A verbatim copy is needed of the lines below from the one containing "After World War" up to and including the one containing "Never End 17ページ", excluding pictures.

» **MATERIAL PROVIDED**:
______

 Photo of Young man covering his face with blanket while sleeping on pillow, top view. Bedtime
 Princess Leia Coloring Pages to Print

______

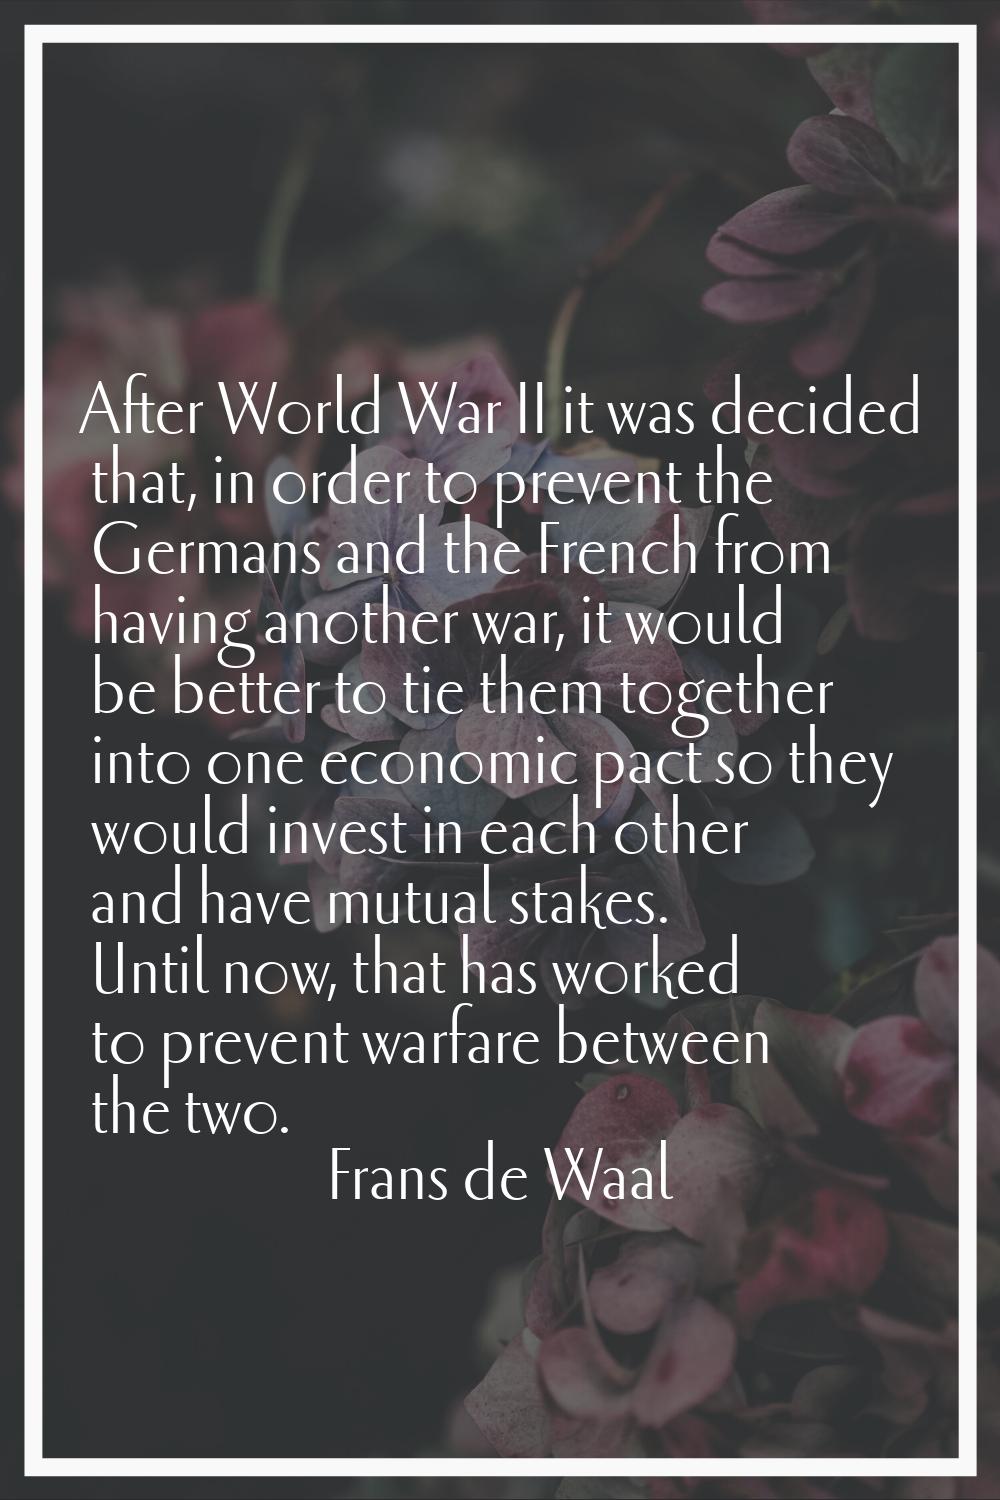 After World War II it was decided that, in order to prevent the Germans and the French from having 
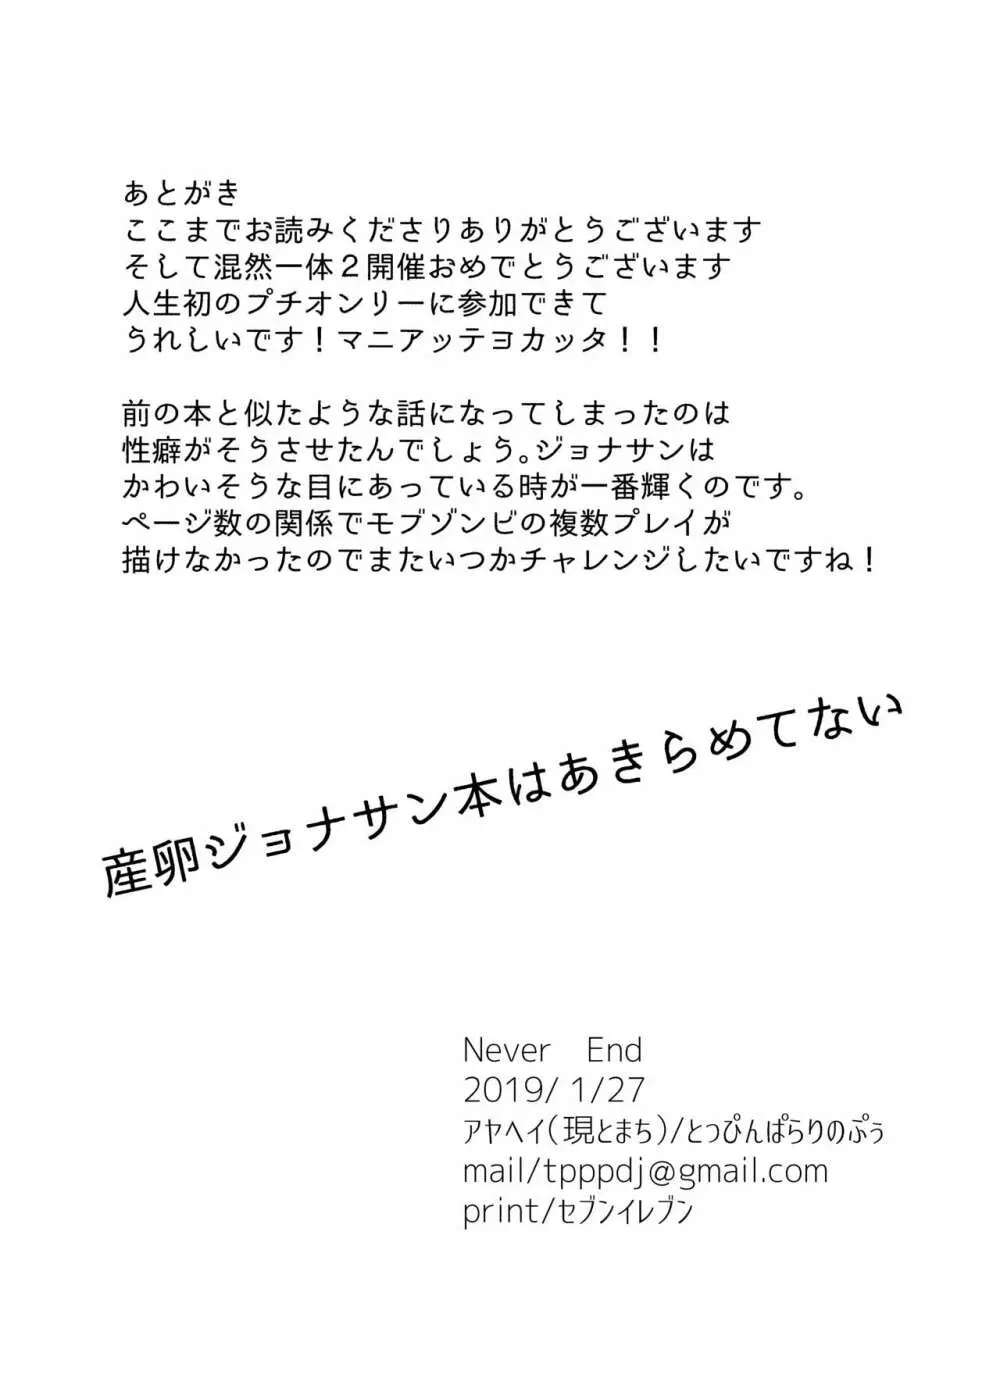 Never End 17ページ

______

» **OUTPUT BELOW**:
 After World War II it was decided that, in order to prevent the Germans and the French from having 
 Never End 17ページ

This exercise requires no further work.